Three weeks after the orders were issued recalling him, he returned to Portugal (still signing visas along the way).

Between November 1939 and July 1940, Aristides de Sousa Mendes signed 30,000 visas. It is estimated he saved the lives of more than 12,000 Jews.


Stripped of his diplomatic status, barred from practicing law and publicly disgraced, Sousa Mendes was prevented from ever working again. Financially crippled, having been denied a pension, Salazar’s orders prevented any institution or individual to support the family. Colleagues, friends and relatives distanced themselves for fear of falling under the shadow of official disgrace. His children were denied opportunities like university or promotions. Sousa Mendes had a stroke in 1945, his wife died in 1948 and he himself died in 1954.

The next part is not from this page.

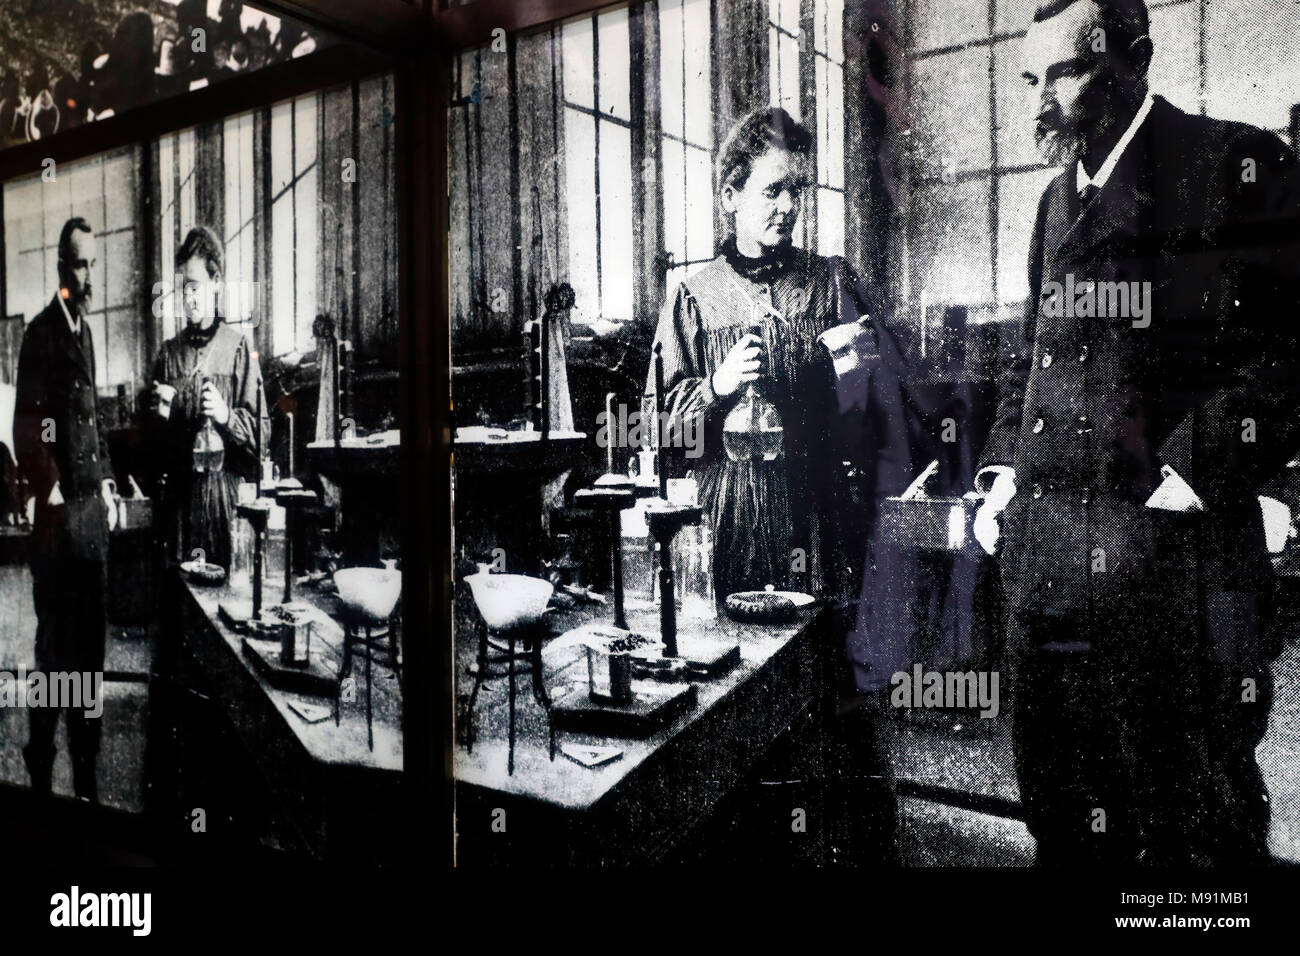 Ho Chi Minh museum. Pierre et Marie Curie, physicien et chimiste, qui a effectué des recherches sur la radioactivité. Hanoi. Le Vietnam. Banque D'Images
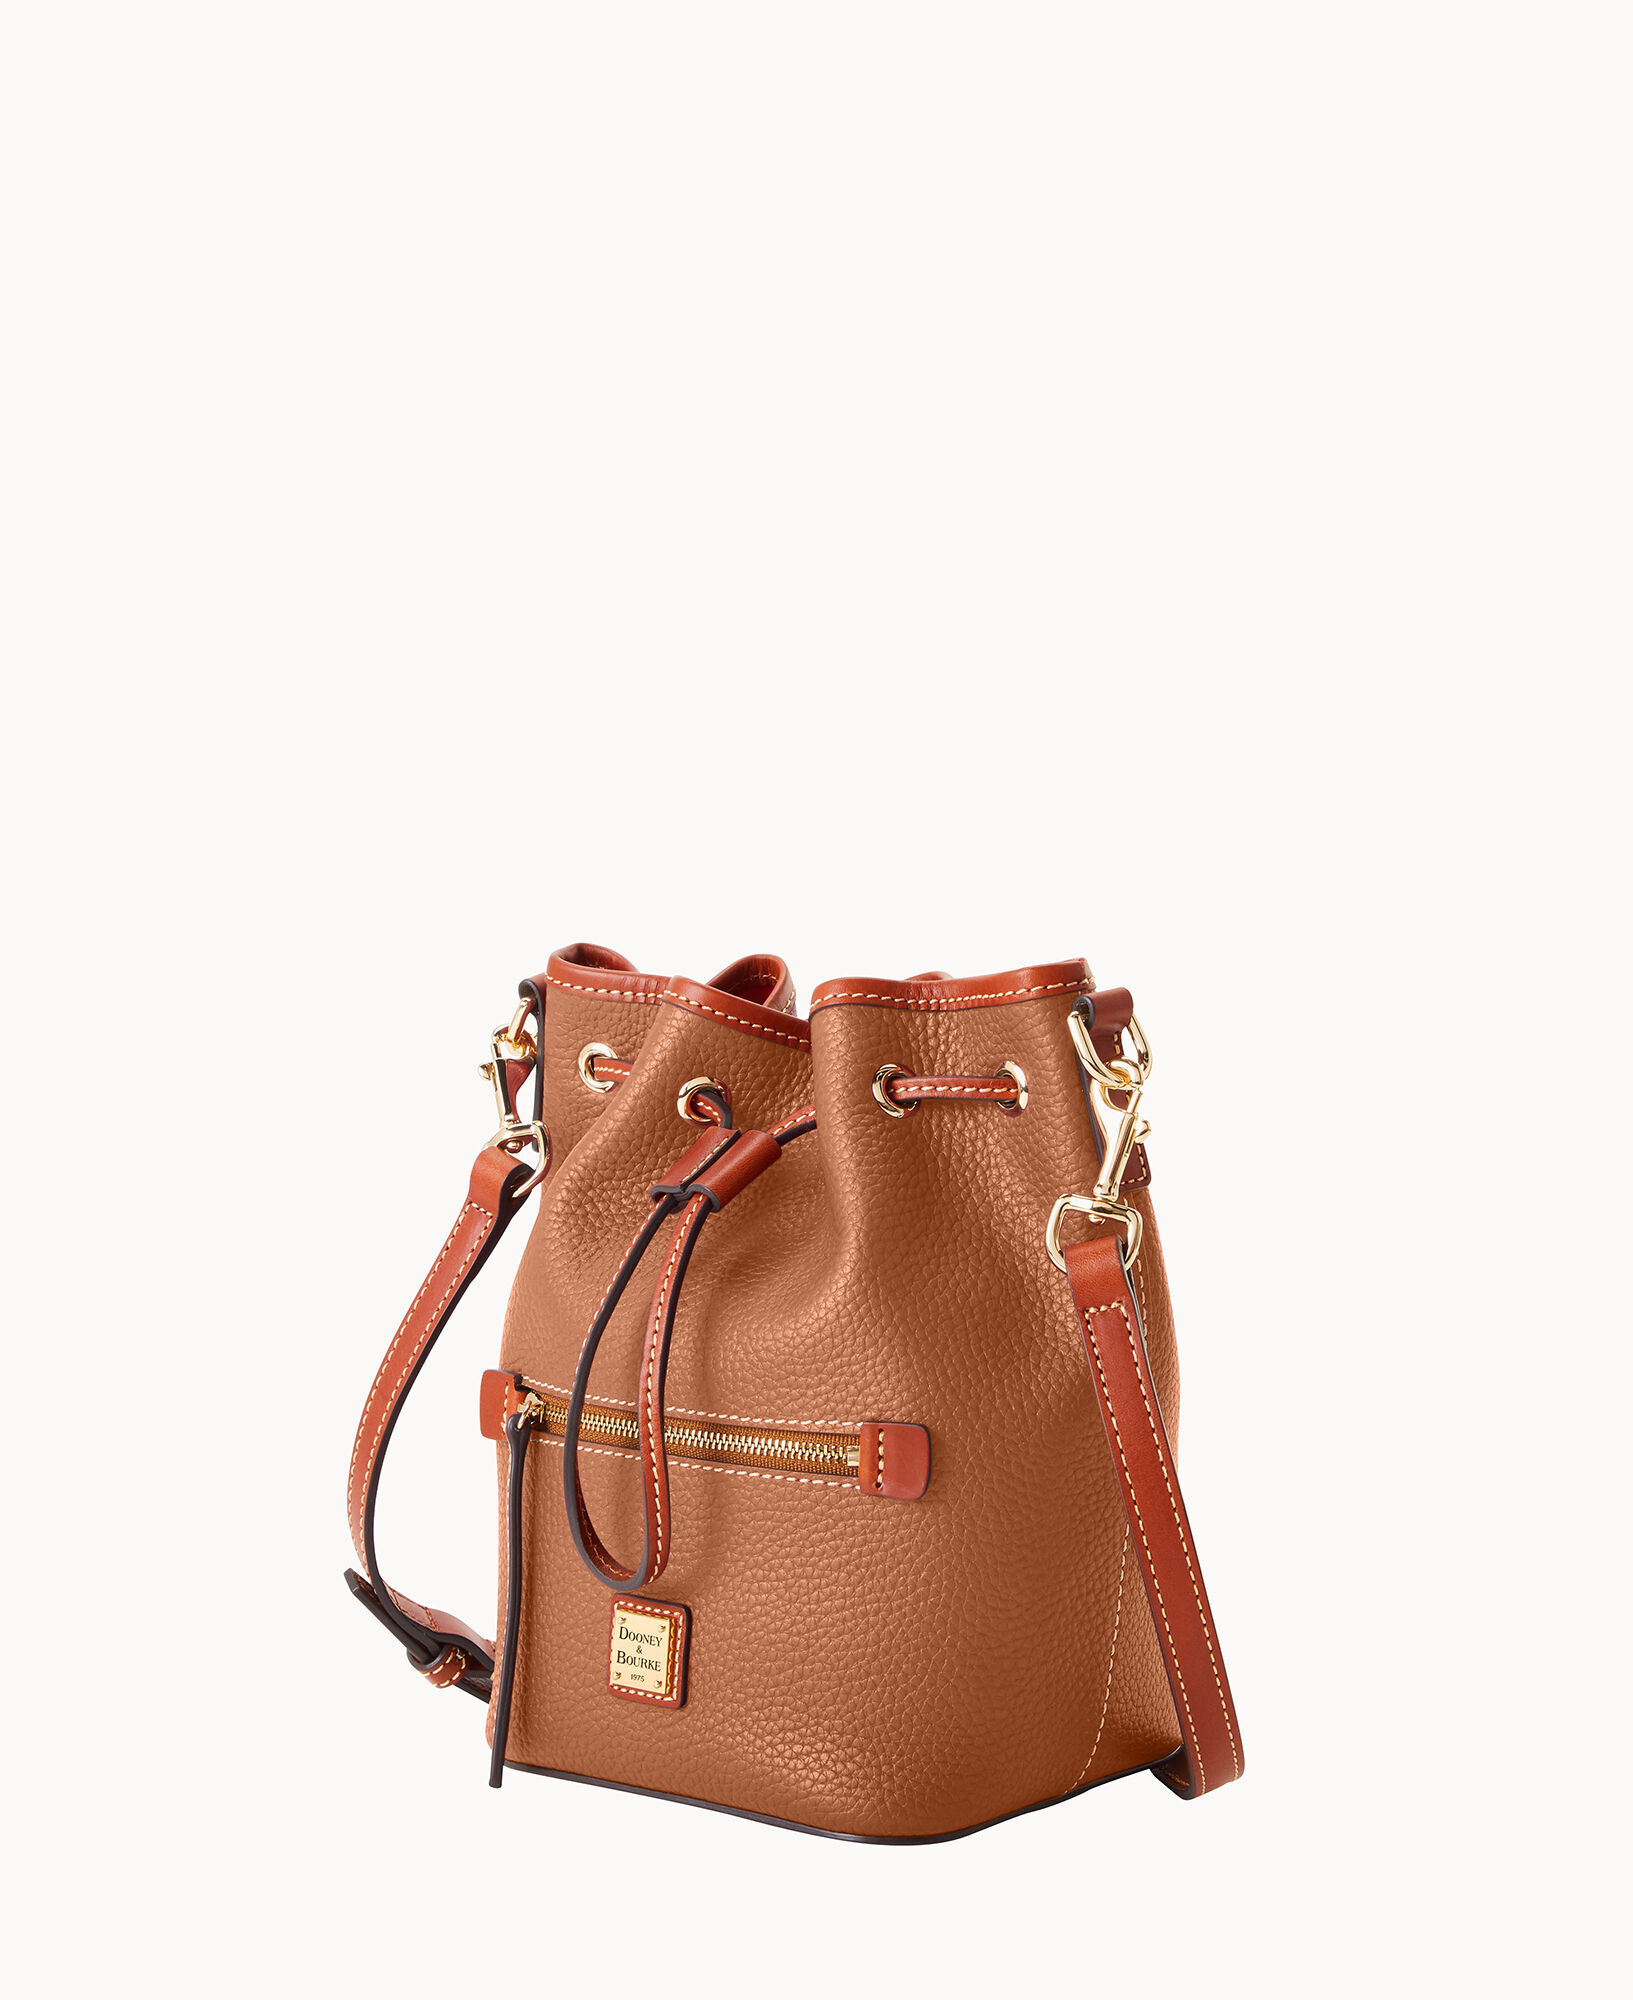 Dooney & Bourke Florentine Small Drawstring Shoulder Bag

Meanwhile Salazar received credit for Portugal’s benevolence towards refugees, especially Jews, during the war.

The Jews caught up with Sousa Mendes in 1966 by honoring him as a “Righteous Among the Nations”. More than 20 years later, Portugal finally dismissed the charges against him, restored his diplomatic status and paid compensation to his family.

So, back to the movie. In crude mathematical terms, Sousa Mendes is 30 times the hero that Schindler was. His proximity to the Nazis and his dubious moral position does give the Schindler character the dramatic edge, and his age (he was 35 at the peak of his story, 1943) and his infamous charm meant that he could be played by an A-list spunk like Liam Neeson. But the same could be done for Sousa Mendes: at 54, George Clooney could play him because, despite being married (so was Schindler) he was, rumour be told, quite the ladies man. And with 15 children (one born to a French girlfriend), rather virile.


aristides left, oskar right

The problem comes, I believe, in the climax of the story. Neeson and Kingsley only have 1,100 names to write for The List, and that’s not nearly as demanding of screen time as 30,000 visa signatures. 72 hours of climatic deskwork… could be tedious, although the run from Bordeaux to Bayonne, to Hendaye and Irun while pursued by Portuguese secret police would make an excellent bit of film.

And there’s the house. The story starts and ends here with this magnificent mansion. The Sousa Mendes family is still battling to save this palacete so it can become a museum. What? He doesn’t even have a museum? Was there ever a man in Portugal whose name should be remembered more than Aristides de Sousa Mendes?